Originally, IMST was intended to help critically ill respiratory disease patients to strengthen their diaphragm and breathing muscles.
What does IMST involve?
“IMST involves inhaling vigorously through a hand-held device which provides resistance,” the research noted. “Imagine sucking hard through a tube that sucks back.”
For their experiment, they recruited 36 otherwise healthy participants.
Aged 50 to 79 years old, they all had “above normal” systolic blood pressure (higher than 120mmHg).
Half of the study’s participants did IMST for six weeks while the other half did a placebo, where the resistance was much lower.

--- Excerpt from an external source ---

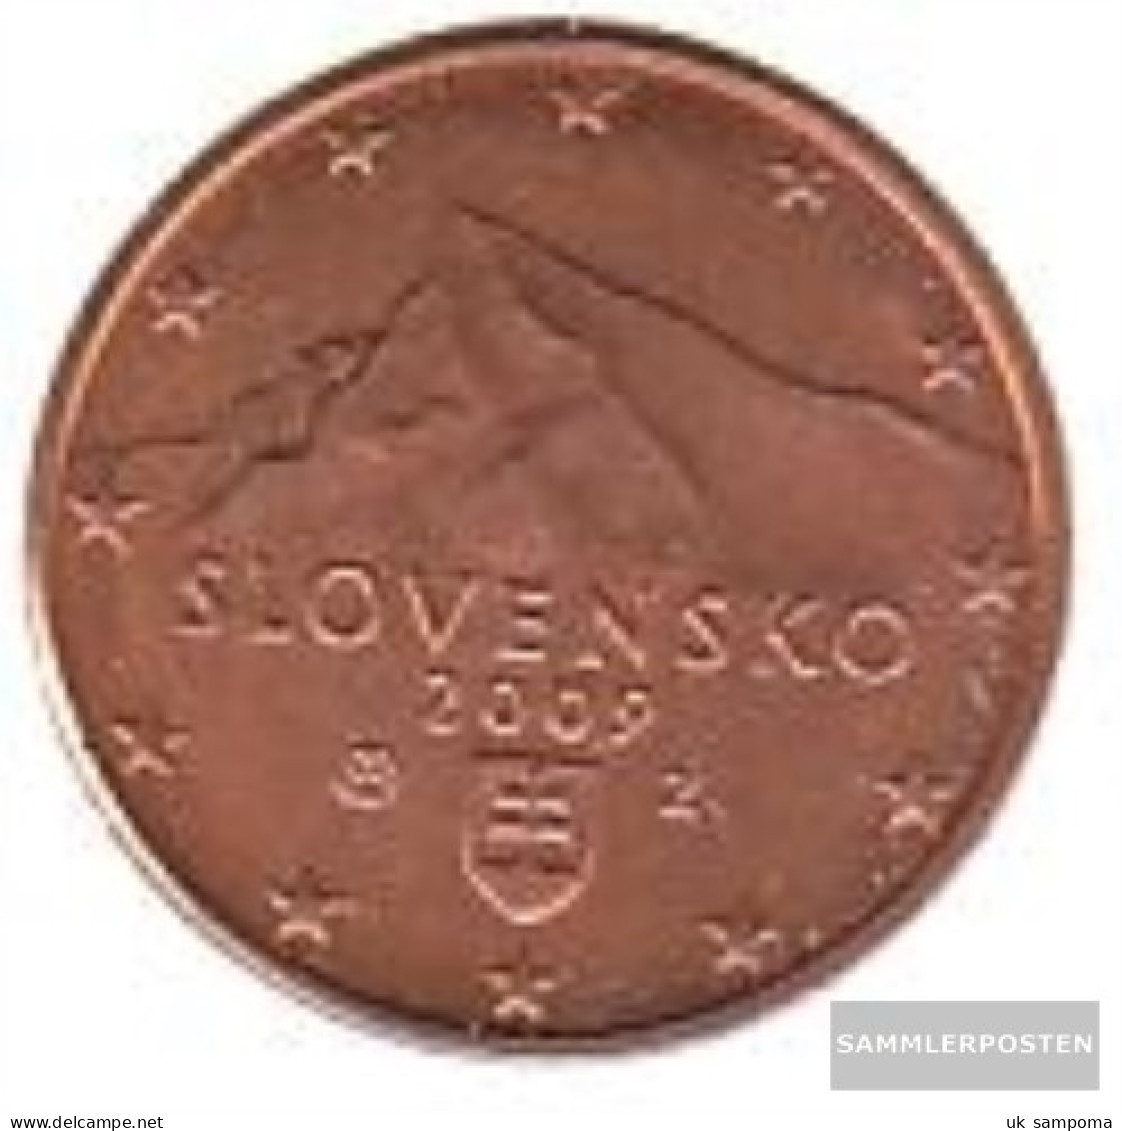 Slovakia Sk 1 2009 Stgl./unzirkuliert Stgl./unzirkuliert 2009 Kursmünze 1 Cent - Eslovaquia

After the six-week trial, the IMST group saw their systolic blood pressure dip nine points, on average.
These fantastic results exceed what one sees after walking 30 minutes each day, five days per week.
“That decline is also equal to the effects of some blood pressure-lowering drug regimens,” the researchers noted.
Even six weeks after the experiment, the IMST group still maintained that blood pressure improvement.
Craighead added: “We found that not only is it more time-efficient than traditional exercise programmes, the benefits may be longer lasting.”
The IMST treatment group also saw a 45 percent improvement in their vascular endothelial function.
This means that their arteries were able to expand more widely and there were increased levels of nitric oxide.
Nitric oxide is a molecule that is key for dilating arteries and preventing plaque build-up.
Markers of inflammation and oxidative stress, which can boost heart attack risk, were also reduced in the IMST group.
The research group are currently developing a smartphone app to enable people to do IMST at home while using an already commercially available IMST device.